TRANSENTERIX, INC. AMENDMENT TO AMENDED AND RESTATED INCENTIVE COMPENSATION PLAN, AS AMENDED EFFECTIVE DATE: JUNE 8, 2016

EX-10.1 2 exhibit1.htm EX-10.1 EX-10.1

TRANSENTERIX, INC.

AMENDMENT TO
AMENDED AND RESTATED INCENTIVE COMPENSATION PLAN,
AS AMENDED
EFFECTIVE DATE: JUNE 8, 2016

This Amendment No. 1, dated and effective June 8, 2016 (the “Amendment”) is an amendment to the Amended and Restated Incentive Compensation Plan, as amended (the “Plan”), of TransEnterix, Inc., a Delaware corporation (the “Company”). All capitalized terms used in this Amendment without definition have the meanings set forth in the Plan.

WHEREAS, Section 10(e) authorizes the Board of Directors of the Company (the “Board”) to make amendments to the Plan, subject to stockholder approval as required by law or agreement.
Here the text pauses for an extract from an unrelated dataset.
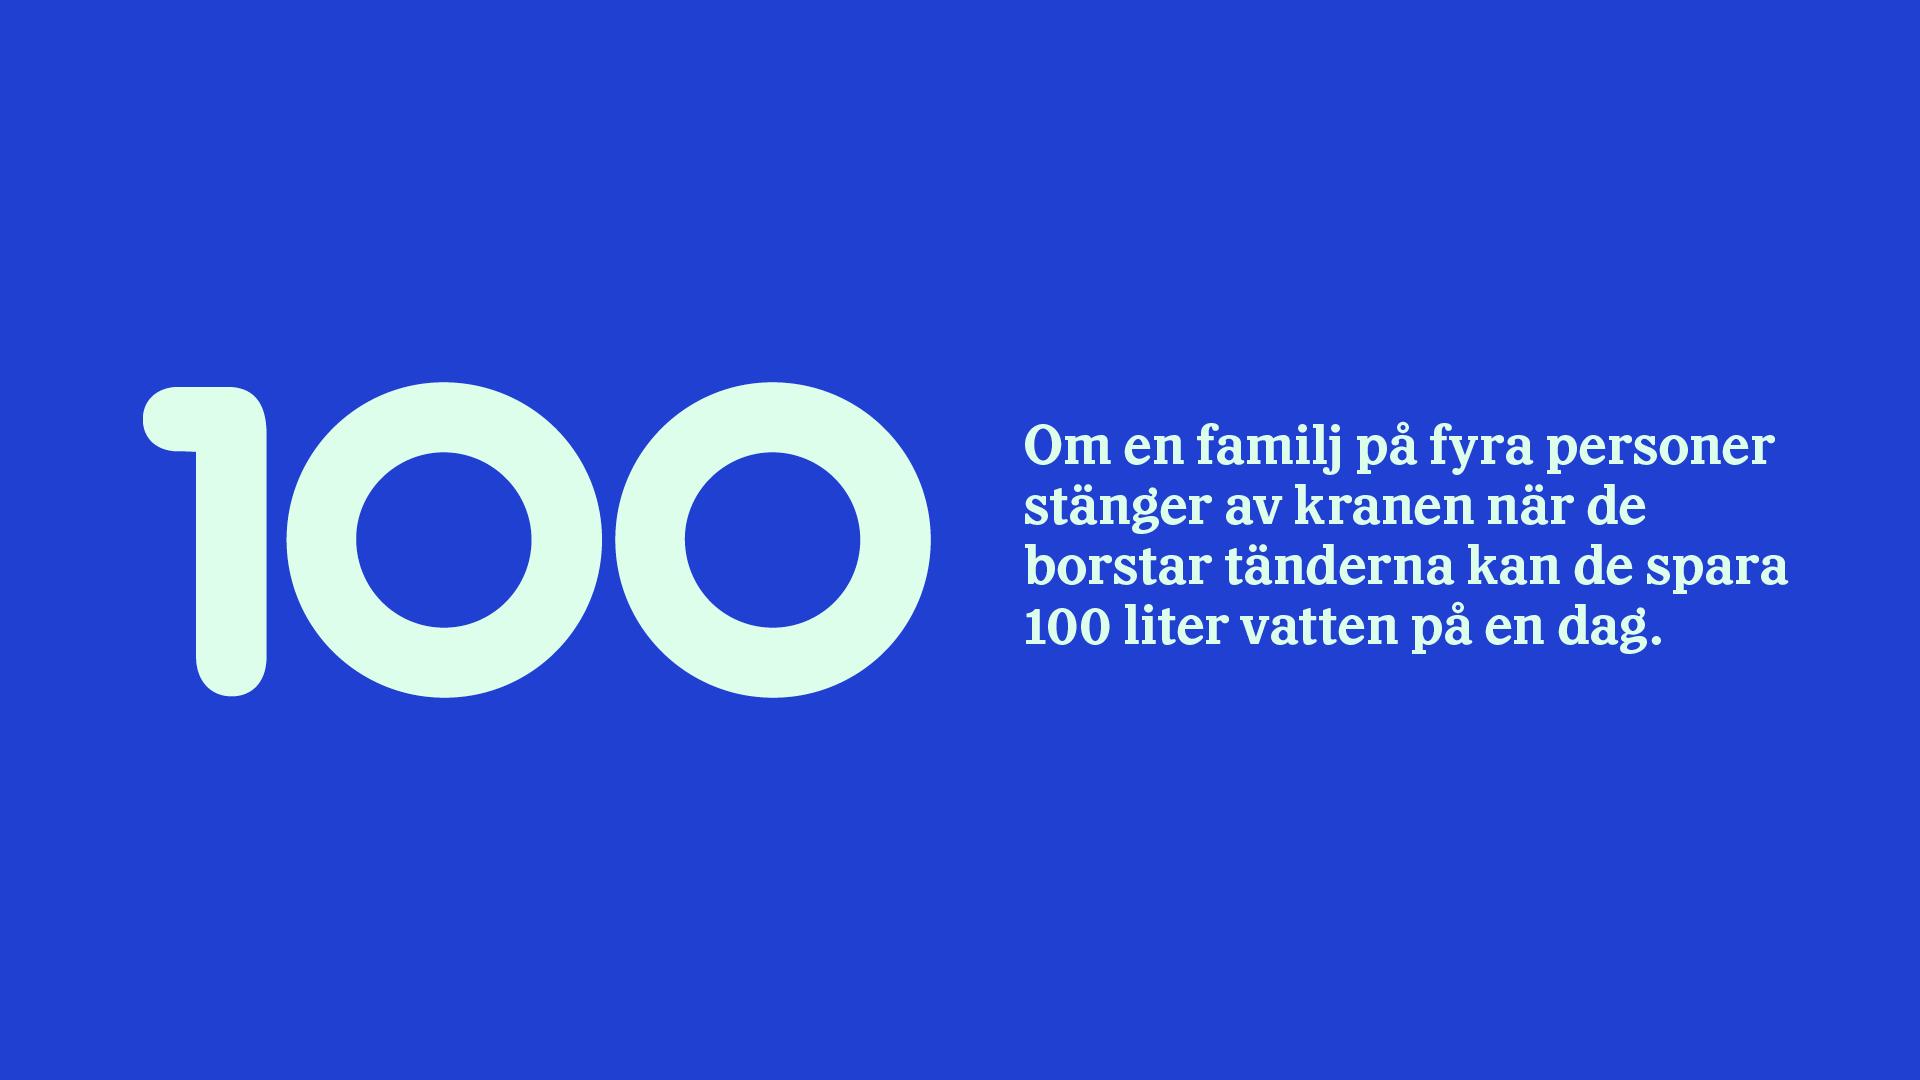 Grafik. På bilden står det: Om en familj på fyra personer stänger av kranen när de borstar tänderna kan de spara 100 lite vatten på en dag.

WHEREAS, on April 27, 2016, the Board approved amendments to the Plan to increase the number of shares available for awards under the Plan b 7,000,000 from 11,940,000 to 18,940,000, and to provide for maximum award limits for annual equity awards to non-employee directors, and submitted the Amendment to the Company’s stockholders for approval at the Annual Meeting of Stockholders held on June 8, 2016.

WHEREAS, on June 8, 2016, the stockholders approved the foregoing amendments to the Plan.

NOW, THEREFORE, intending to be legally bound, and in accordance with the approvals set forth in the WHEREAS clauses, which are incorporated by reference into this Amendment, the Company amends the Plan as follows:

1. Section 4(a) of the Plan is deleted in its entirety and is replaced by the following:

4. Shares Subject to Plan.

(a) Limitation on Overall Number of Shares Available for Delivery Under Plan. Subject to adjustment as provided in Section 10(c) hereof, the total number of Shares reserved and available for delivery under the Plan shall be 18,940,000. Any Shares that are subject to Awards shall be counted against this limit as one (1) Share for every one (1) Share granted. Any Shares delivered under the Plan may consist, in whole or in part, of authorized and unissued shares or treasury shares.”

2. Section 4 of the Plan is amended to add a new subsection 4(d) as follows:

“(d) Limitation on Number of Shares Subject to Awards to Non-Employee Directors. Subject to Section 10(c) of the Plan, the aggregate number of Shares subject to Awards granted under the Plan during any calendar year to any non-employee Director shall not exceed 100,000, except that in connection with his or her initial appointment to the Board, such non-employee Director may be granted an Award covering up to an additional 100,000 Shares.”

3. Except as amended by this Amendment, the Plan continues in full force and effect.

4. In the event of a conflict between this Amendment and the Plan, this Amendment shall govern.